> Exercise description
Quote the listing below in full and exactly as written, but omit every picture.
Recorded information Block Start
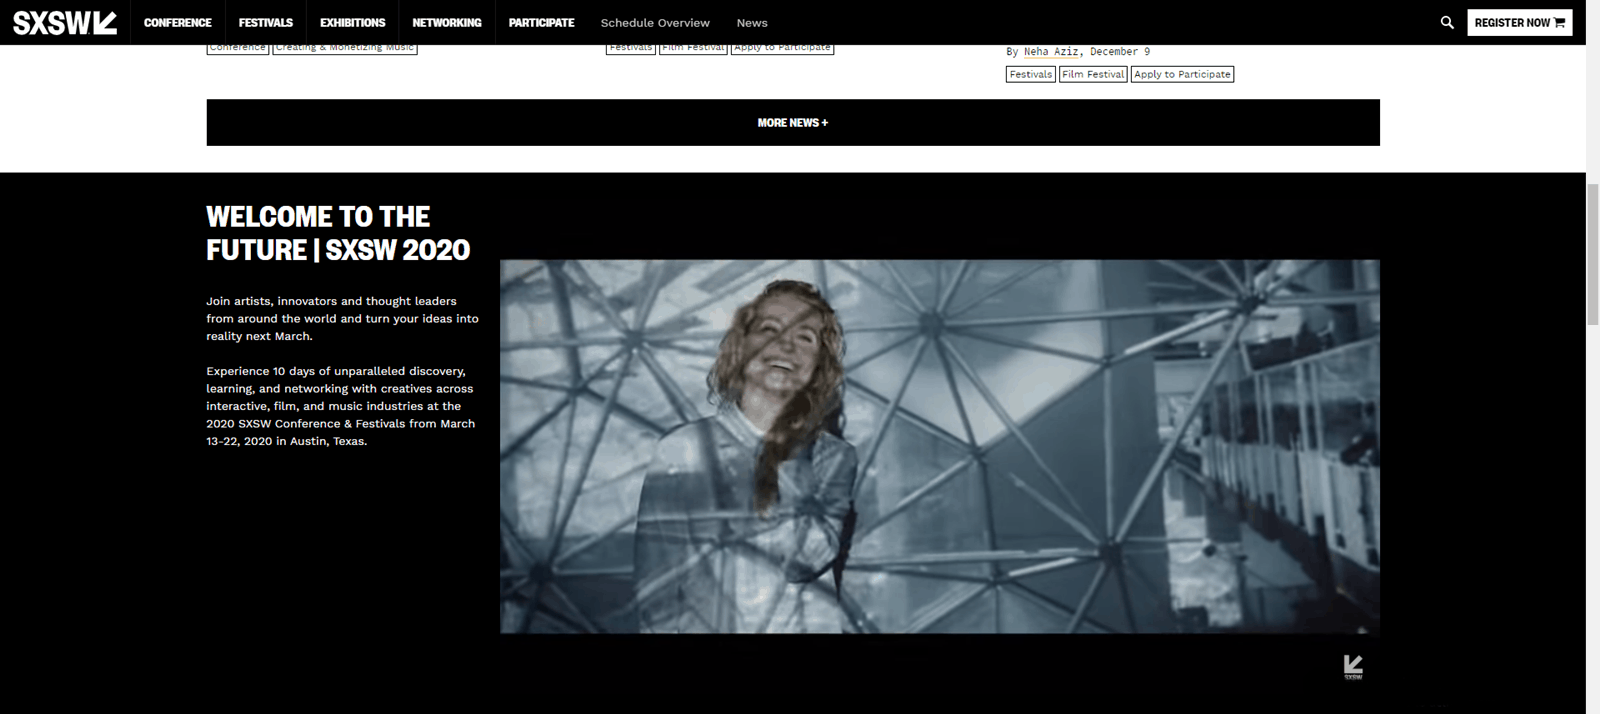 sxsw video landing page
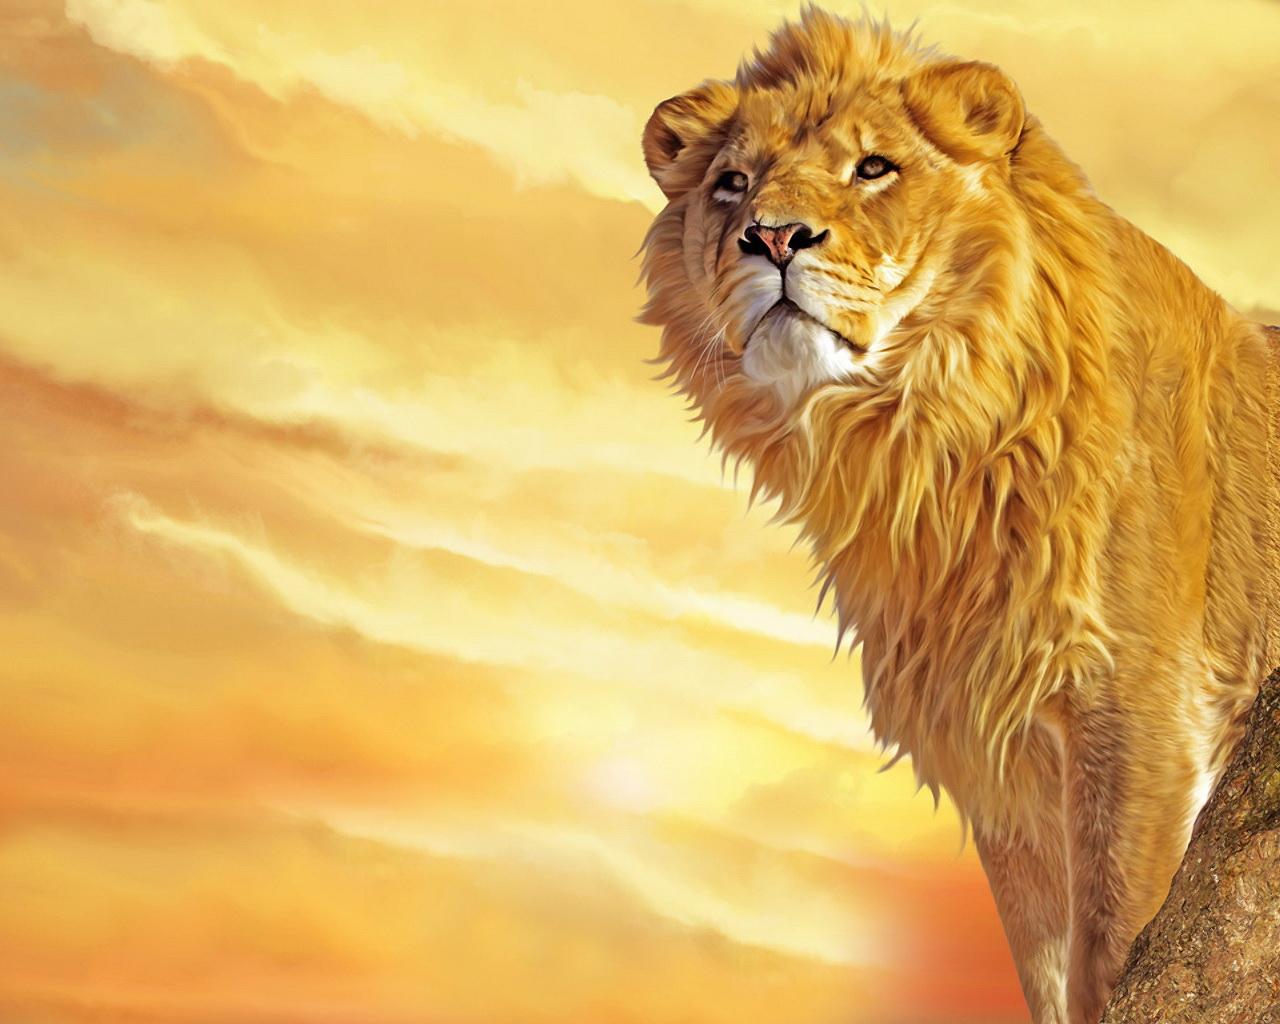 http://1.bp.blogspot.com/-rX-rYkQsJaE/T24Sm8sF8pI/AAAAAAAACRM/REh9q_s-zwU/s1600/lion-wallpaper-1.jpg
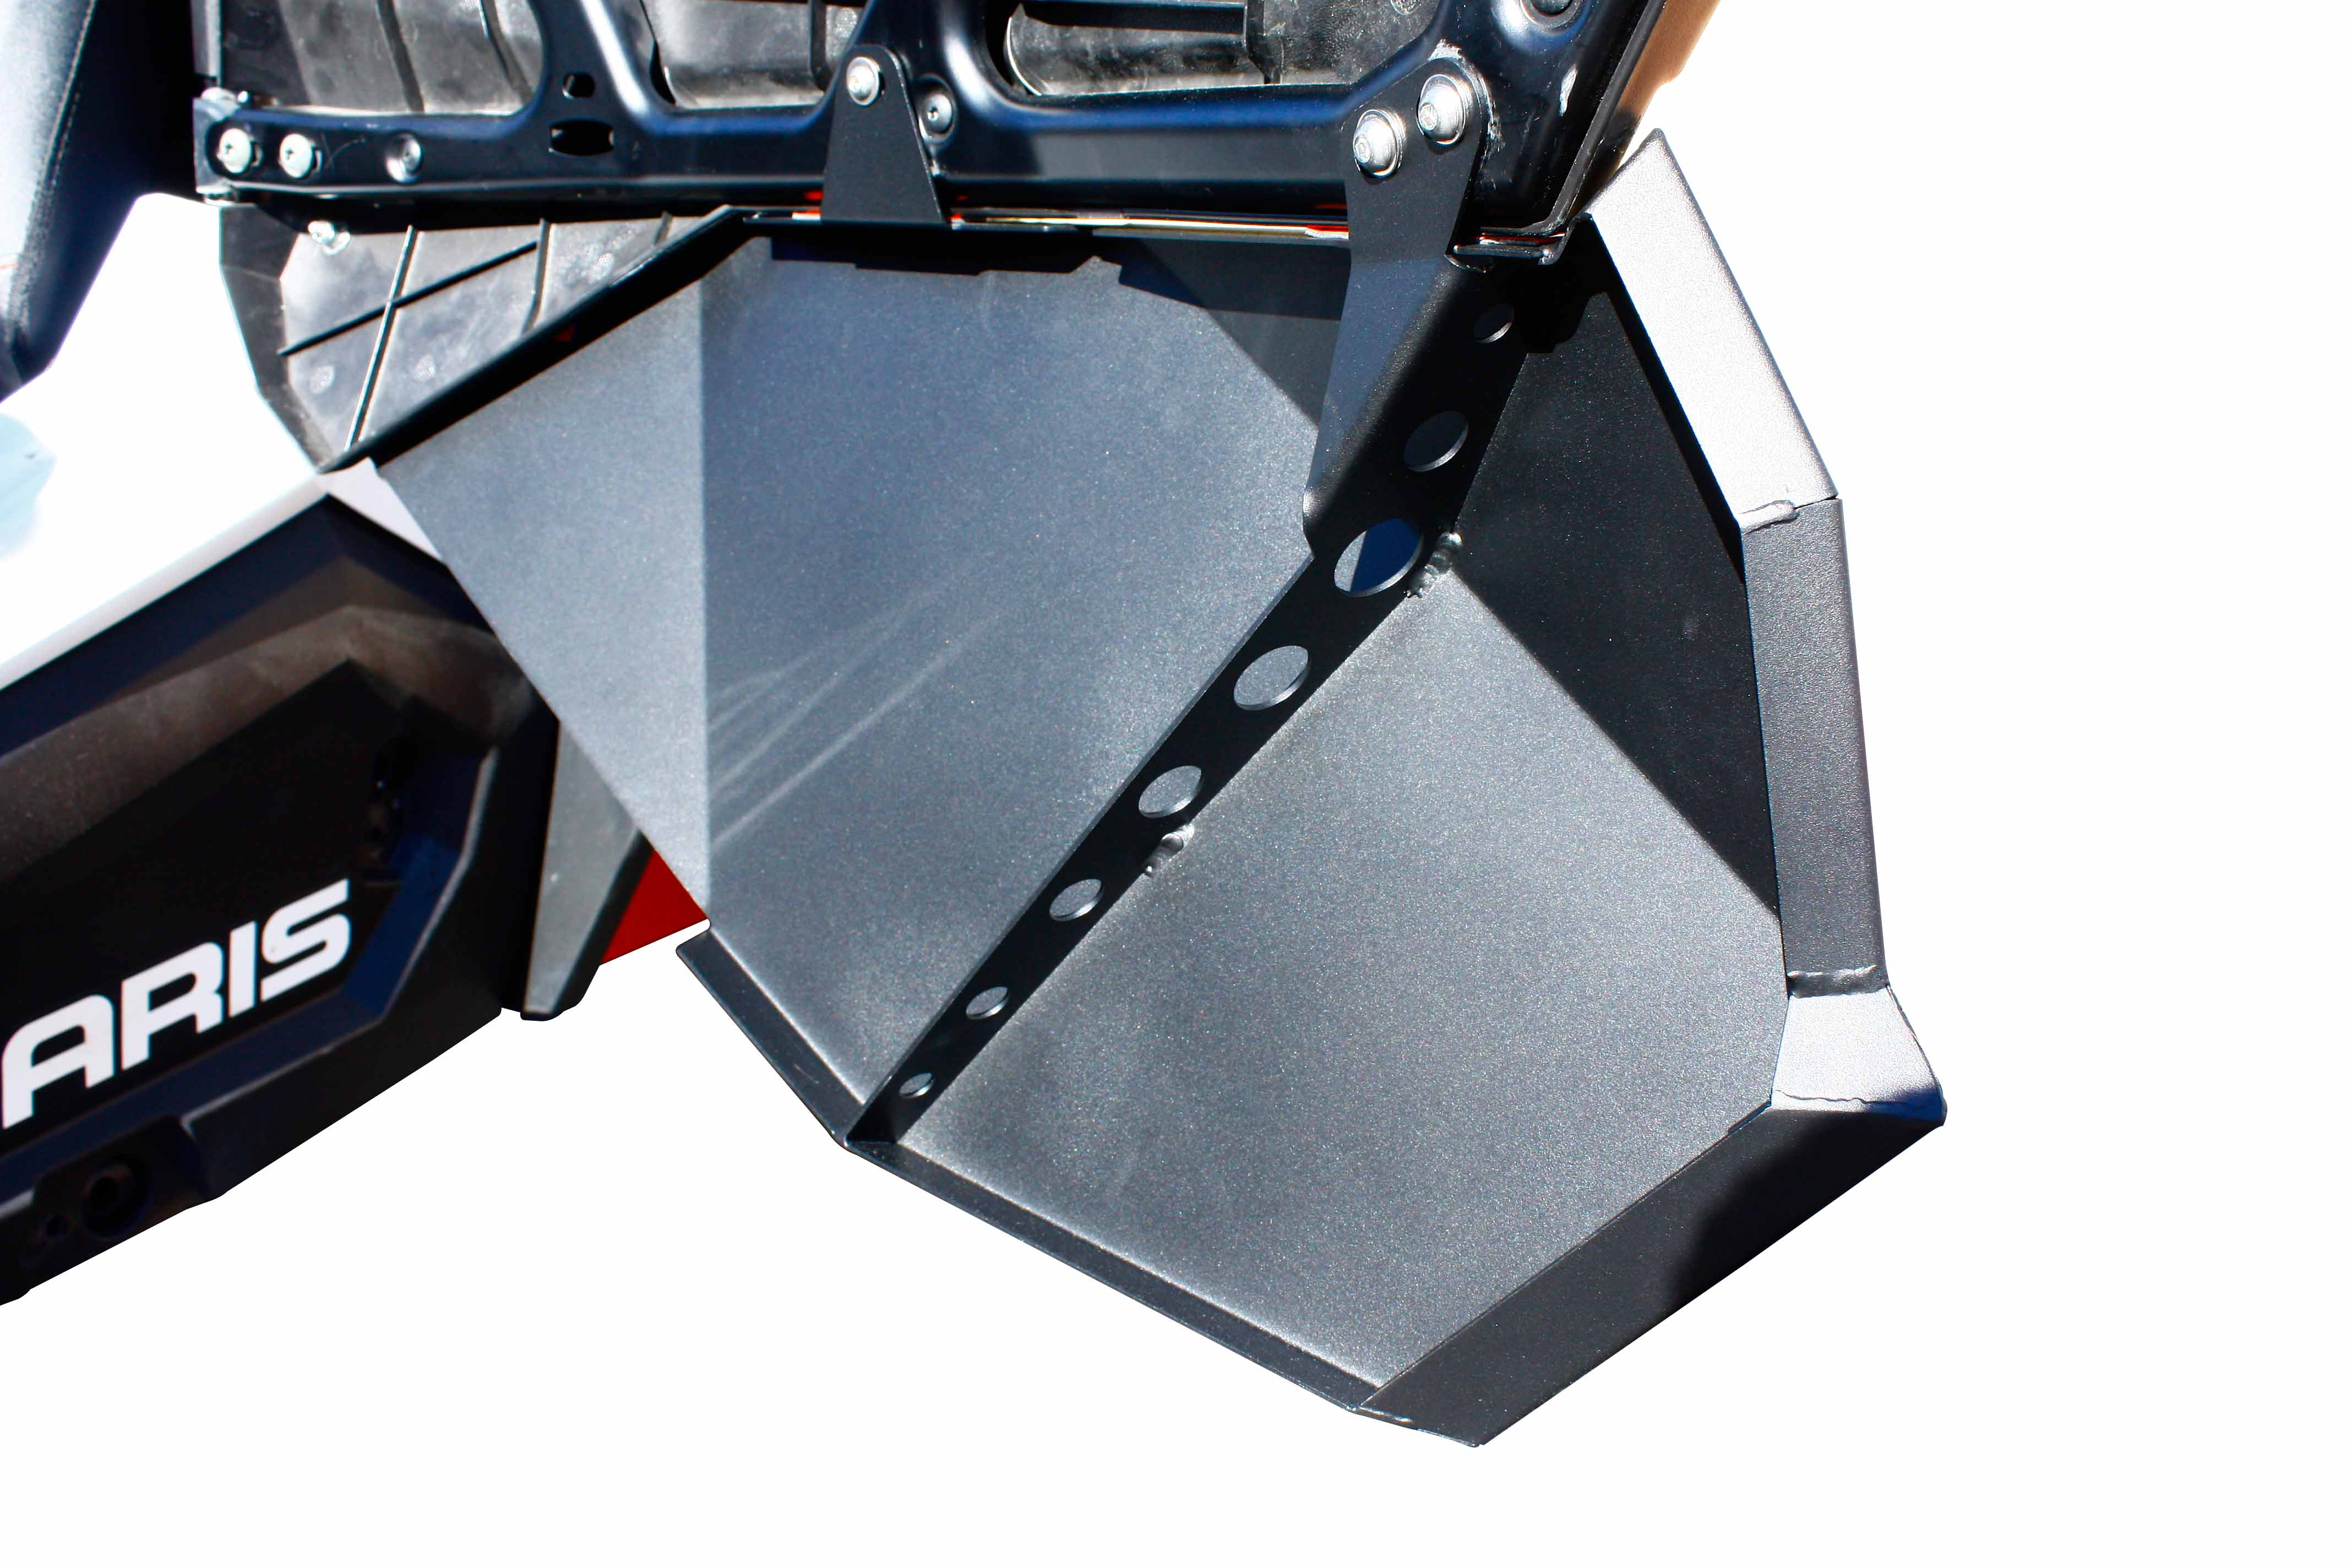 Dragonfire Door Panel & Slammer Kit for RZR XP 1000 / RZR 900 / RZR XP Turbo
Recorded information Block End
> Solution to this problem
 sxsw video landing page
 http://1.bp.blogspot.com/-rX-rYkQsJaE/T24Sm8sF8pI/AAAAAAAACRM/REh9q_s-zwU/s1600/lion-wallpaper-1.jpg
 Dragonfire Door Panel & Slammer Kit for RZR XP 1000 / RZR 900 / RZR XP Turbo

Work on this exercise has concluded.